▶ **SUPPLIED MATERIAL**:
◆ ◆ ◆ ◆ ◆ ◆ ◆
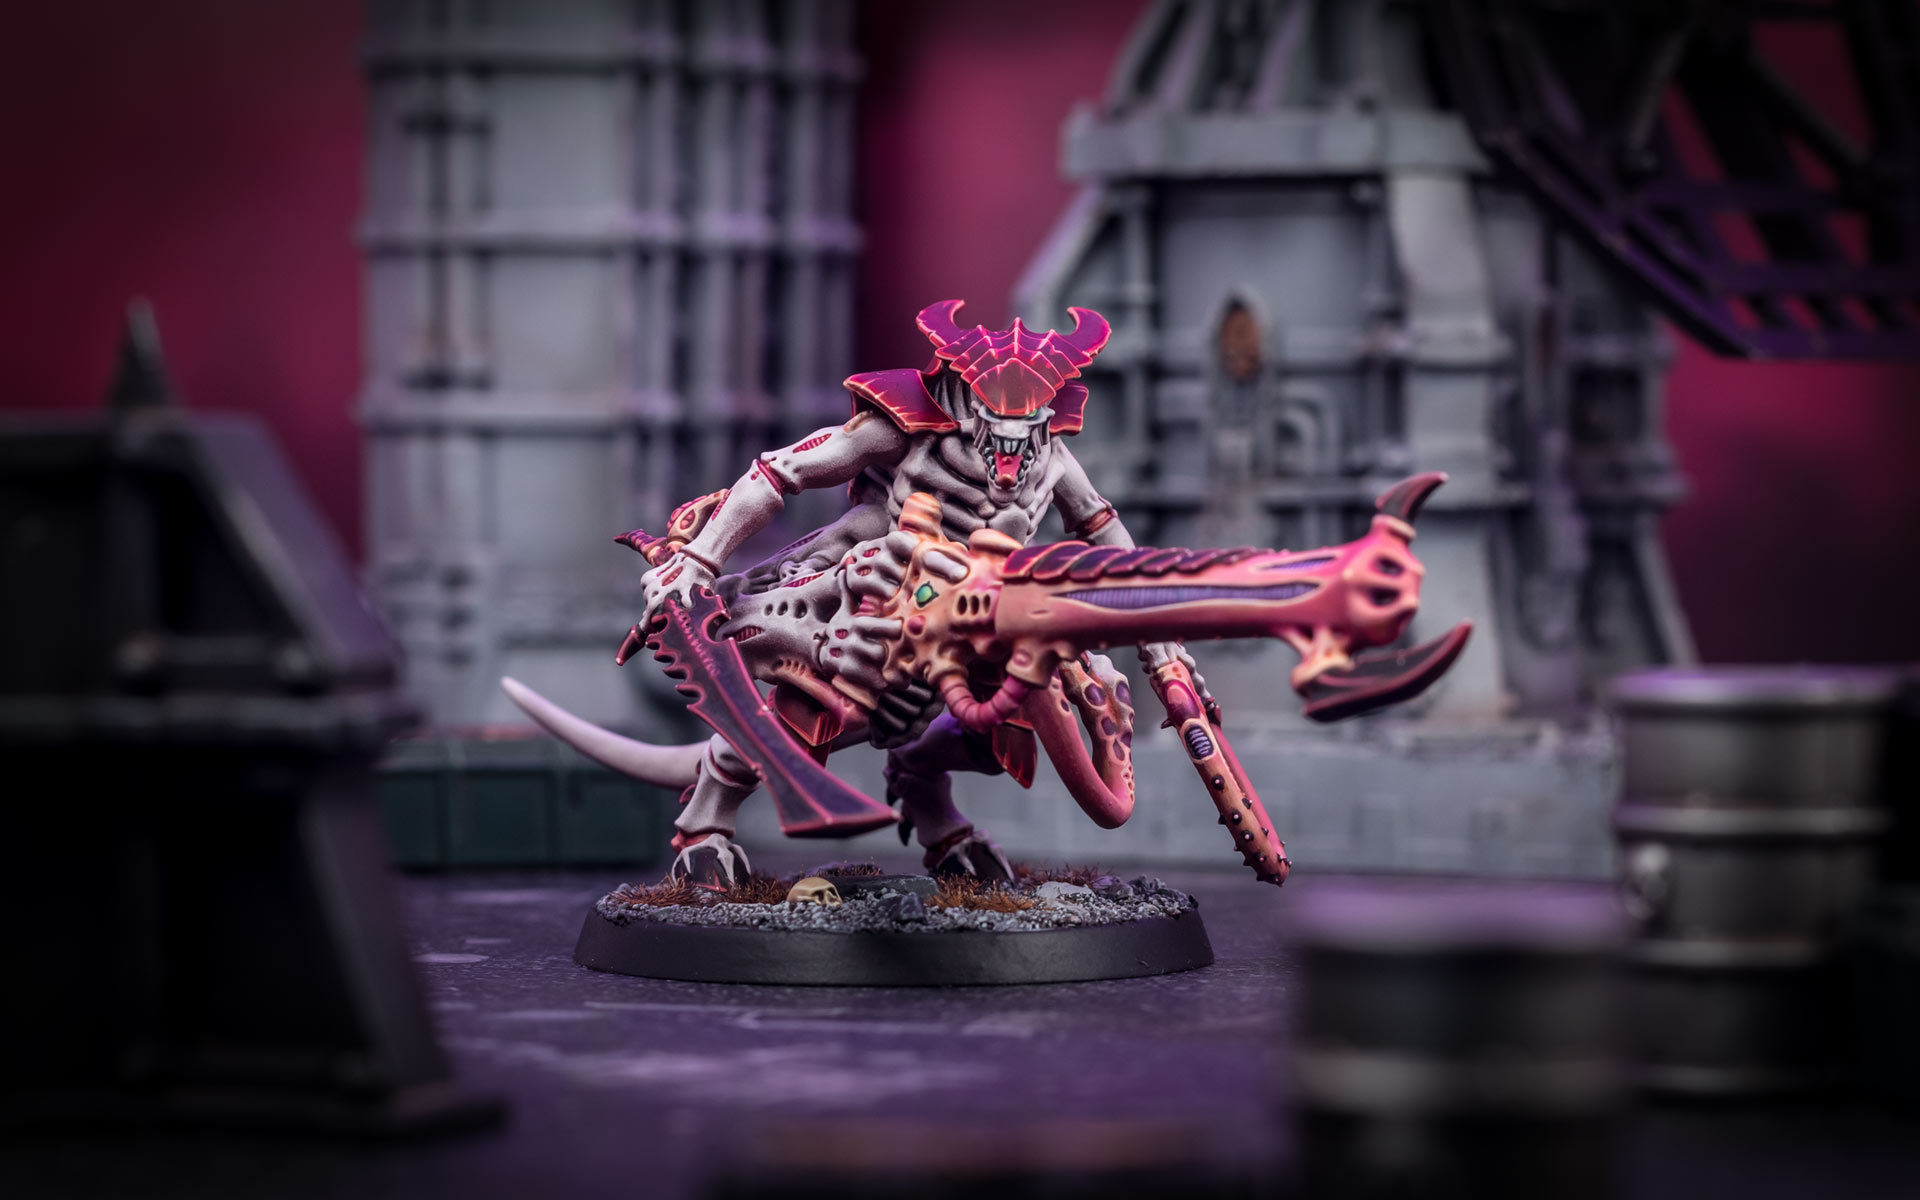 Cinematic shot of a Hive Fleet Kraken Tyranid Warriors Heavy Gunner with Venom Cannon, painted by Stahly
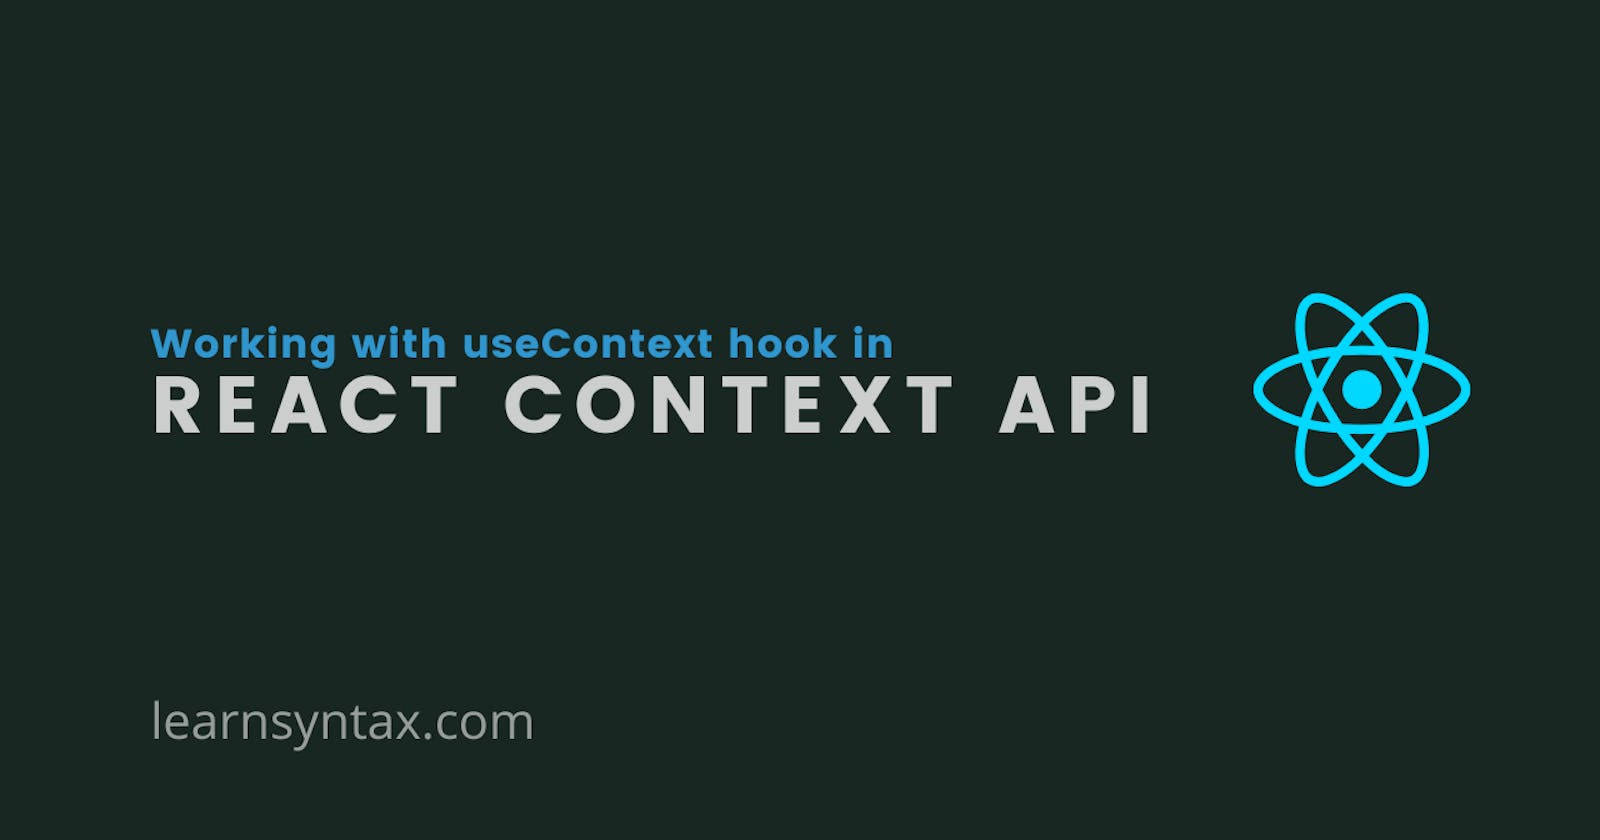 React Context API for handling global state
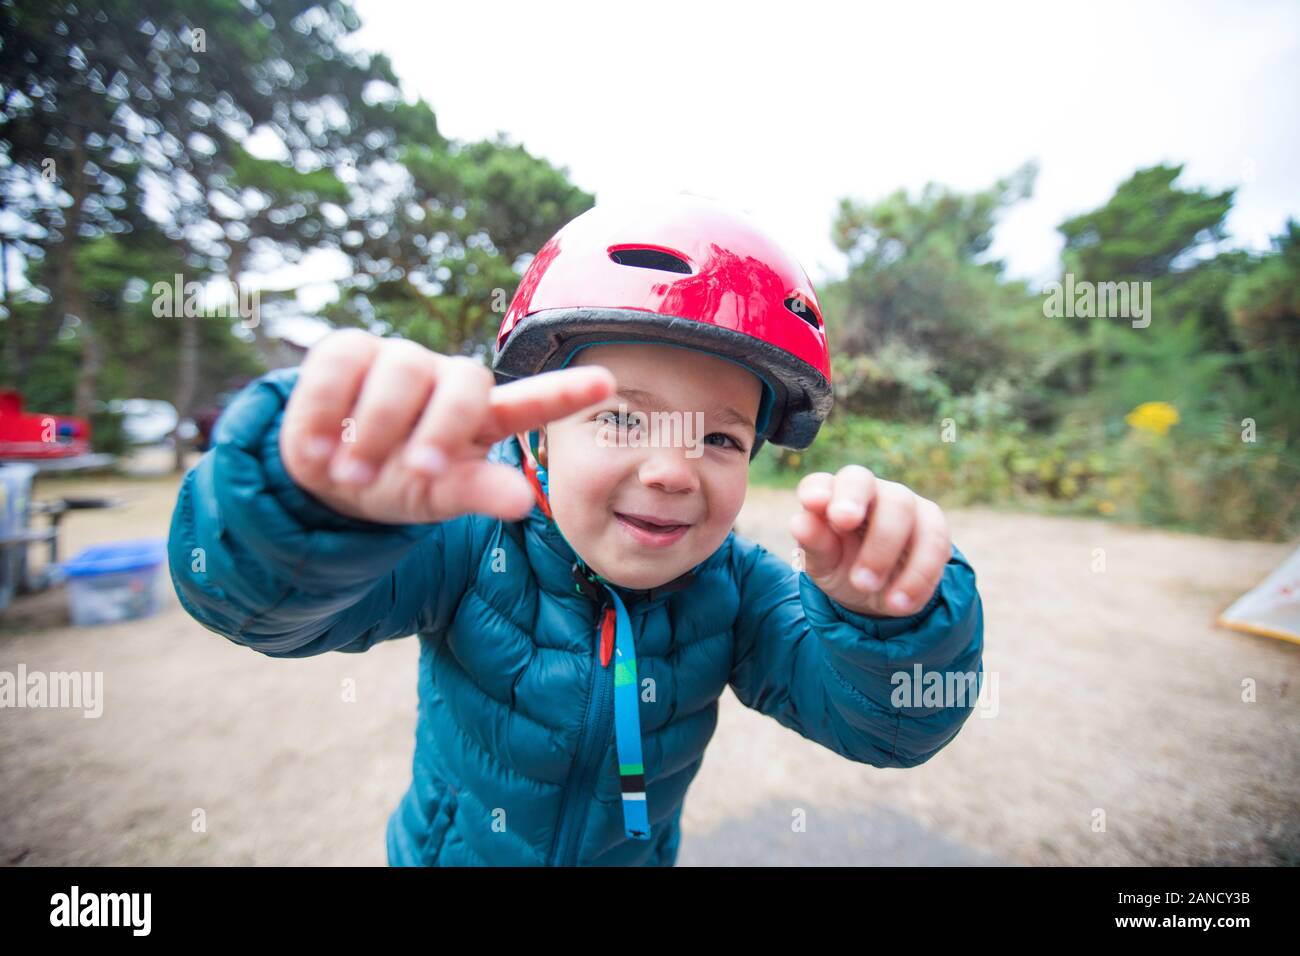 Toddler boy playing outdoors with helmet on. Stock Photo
◆ ◆ ◆ ◆ ◆ ◆ ◆
▶ **WHAT YOU ARE ASKED TO DO**: Each line of the data should be printed again exactly. Please leave pictures out.

▶ **OUTPUT FOR THIS TASK**:
 Cinematic shot of a Hive Fleet Kraken Tyranid Warriors Heavy Gunner with Venom Cannon, painted by Stahly
 React Context API for handling global state
 Toddler boy playing outdoors with helmet on. Stock Photo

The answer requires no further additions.